The case arises from a dispute over oil and gas leases in Jefferson County and Hardin County, Texas. The mineral and land owner is Charles G. Hooks, III, who is also an oil and gas attorney. The Jefferson County lease provided that the lessee, Samson Lone Star LLC pay compensation to Mr. Hooks if drilling occurred within 1,320 feet of his property line. Samson drilled a directional well that bottomed out within that distance, but Samson never compensated Mr. Hooks as the lease required. With the two Hardin County leases, Mr. Hooks gave Samson permission to pool his mineral interests, but Mr. Hooks contended that Samson did not pay him for all production within the pool. Mr. Hooks also claimed that Samson was required to pay both royalties on the sale of oil and gas and on the same oil and gas as it existed in the reservoir, so called “formation production”.
In the trial court, Mr. Hooks was awarded more than $21 million on these claims. The case was appealed to the Houston Court of Appeals, which reversed the judgment of the trial court in a majority decision written by Justice Evelyn V. Keyes in 2012. The Houston Court of Appeals determined that, as to the Jefferson County lease, Mr. Hooks’ claim was barred by the statute of limitations and was based on an incorrect interpretation of his oil and gas lease. The Court noted that surveys on file for this well at the Texas Railroad Commission in 2000 and publicly accessible put Hooks on notice of the location of the bottom of Samson’s directional well, and as an oil and gas lawyer, Hooks should have been aware of his claim if he reviewed both those surveys. Unfortunately, Hooks did not file the lawsuit against Samson until after the four year statute of limitations that applied to his claim had expired.

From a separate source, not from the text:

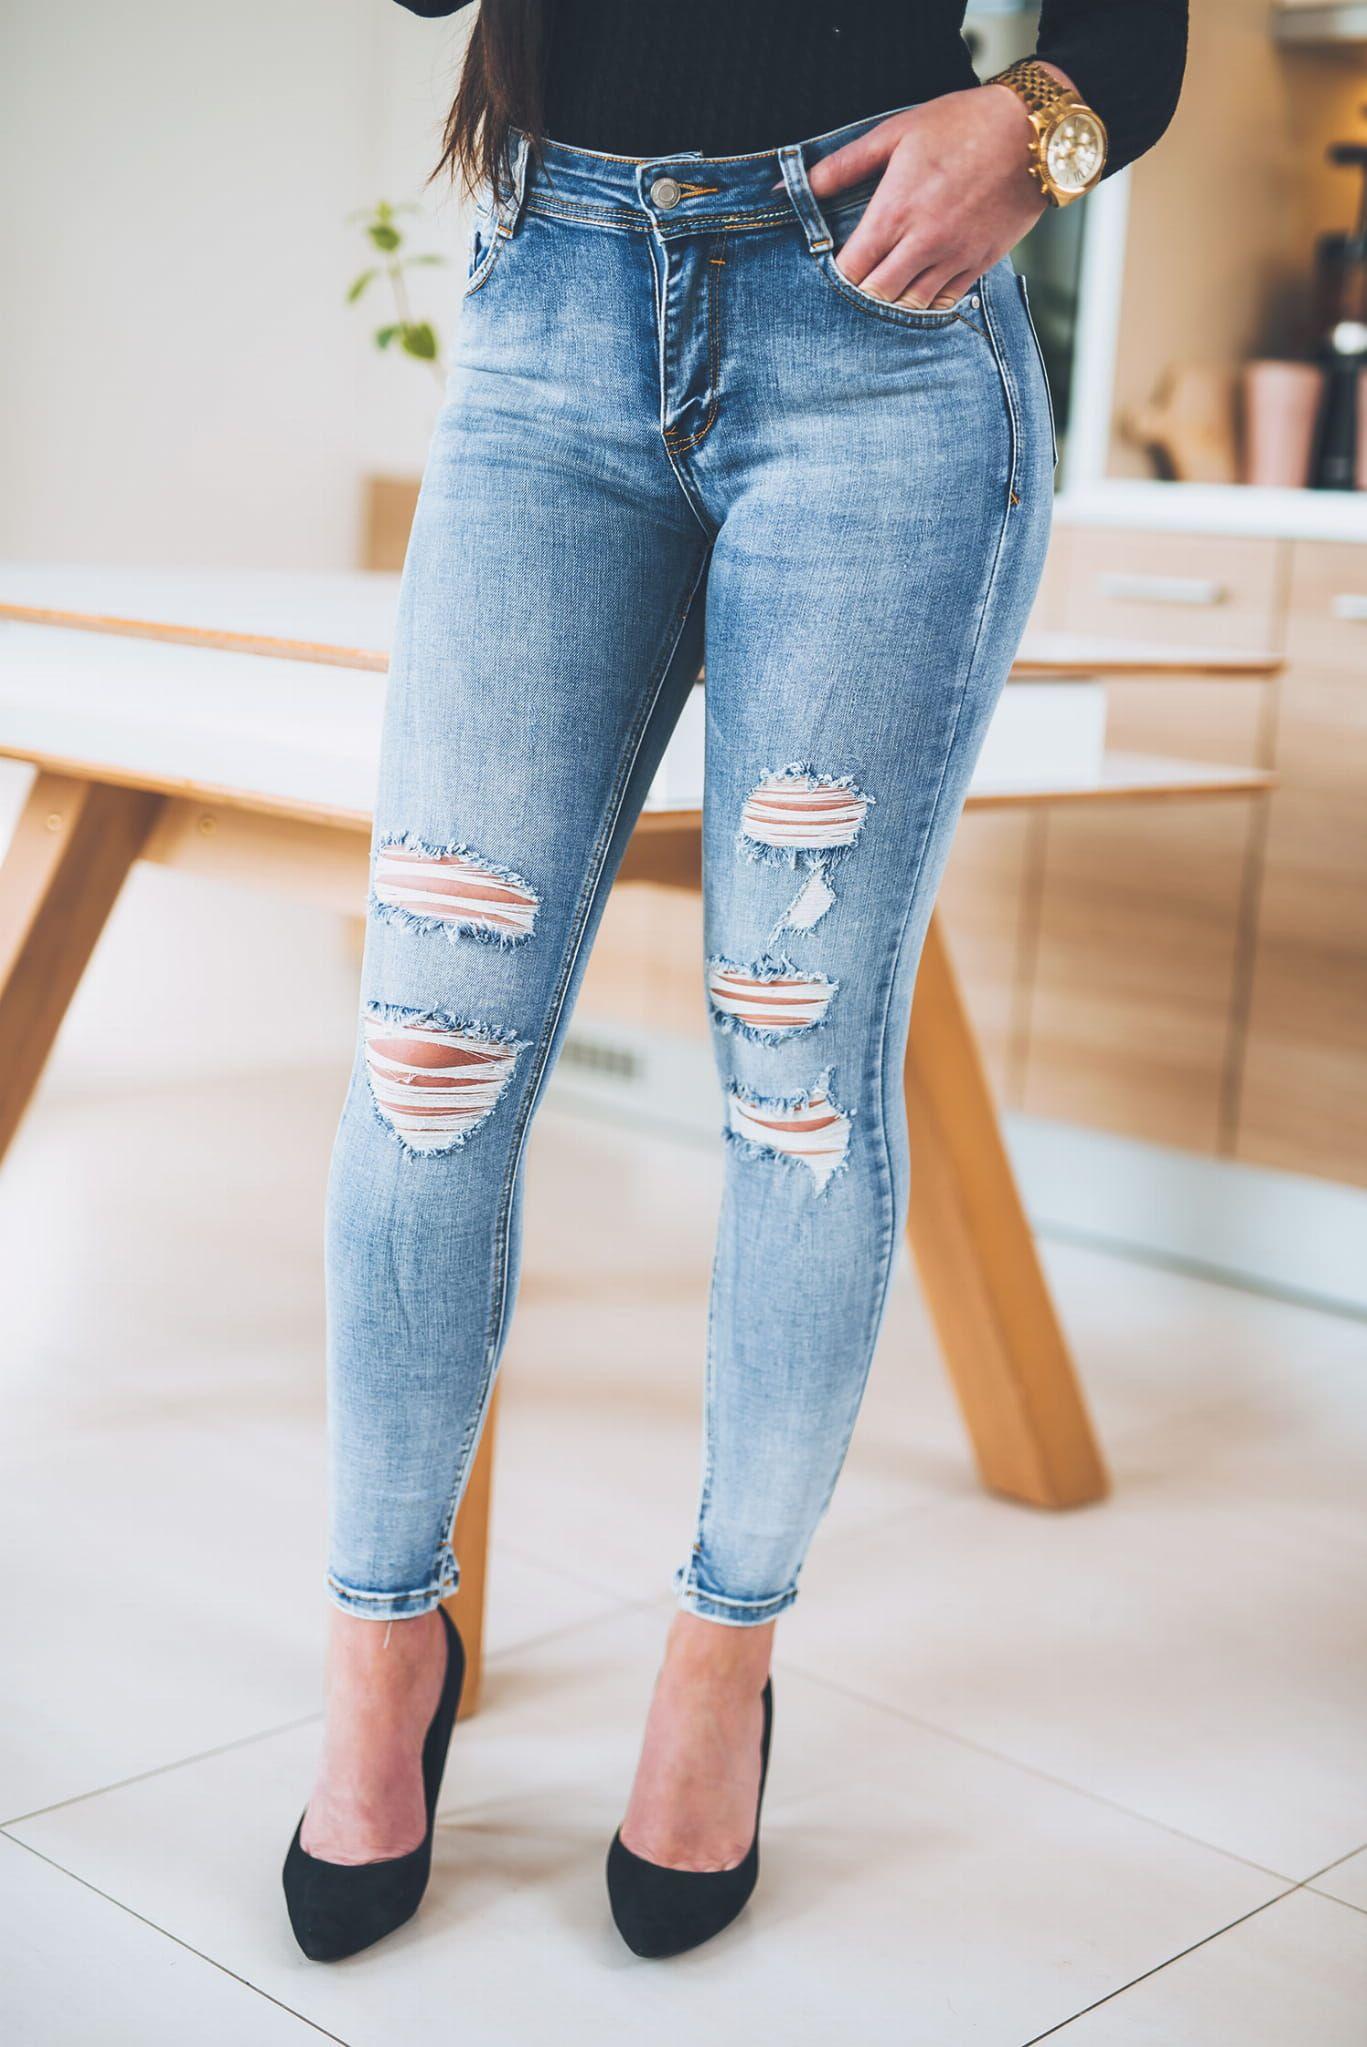 Z295 Dopasowane Jasne Dzinsy Damskie Z Dziurami Rozmiar Xs S M L Xl Skinny Jeans Fashion Denim

On the Hardin County leases, the Court also determined that Mr. Hooks’ claim was barred by the statute of limitations. The Court wrote: “We conclude that Hooks knew or should have known of information that would have led to the discovery of the alleged fraud no later than February 2001, as the necessary information was a matter of public record at that time.” In addition, the Court of Appeals determined that Mr. Hooks other claims were based on misinterpretations of the leases.
The appeal to the Texas Supreme Court is set for oral argument on September 17, 2014. The Texas Supreme Court’s summary of the issues states that the principal issue is “whether a mineral-rights owner exercised reasonable diligence, to avoid limitations, by obtaining a copy of the Samson plat filed with the Texas Railroad Commission but not a third-party survey in Railroad Commission records that would have shown the operator’s fraud.” Other issues are whether Mr. Hooks ratified the pooling agreement by accepting royalties from the new unit; whether Samson Lone Star must pay royalties on the “most favoured nation” clause in these leases; whether an agreement for attorney fees is applicable on Hooks’ claims when liability and damages were stipulated and not pled; and whether post-judgment interest on royalties paid late should be 18% or the normal Texas judgment rate of 5%.
Whatever the Texas Supreme Court decides, the facts of this case illustrate an important caution: if you think there’s a problem with your oil and gas lease, your royalties or the activities of the operator, investigate your suspicions now rather than later. If you wait, the statute of limitations may prevent you from correcting the situation or from recovering damages to which you may otherwise be entitled.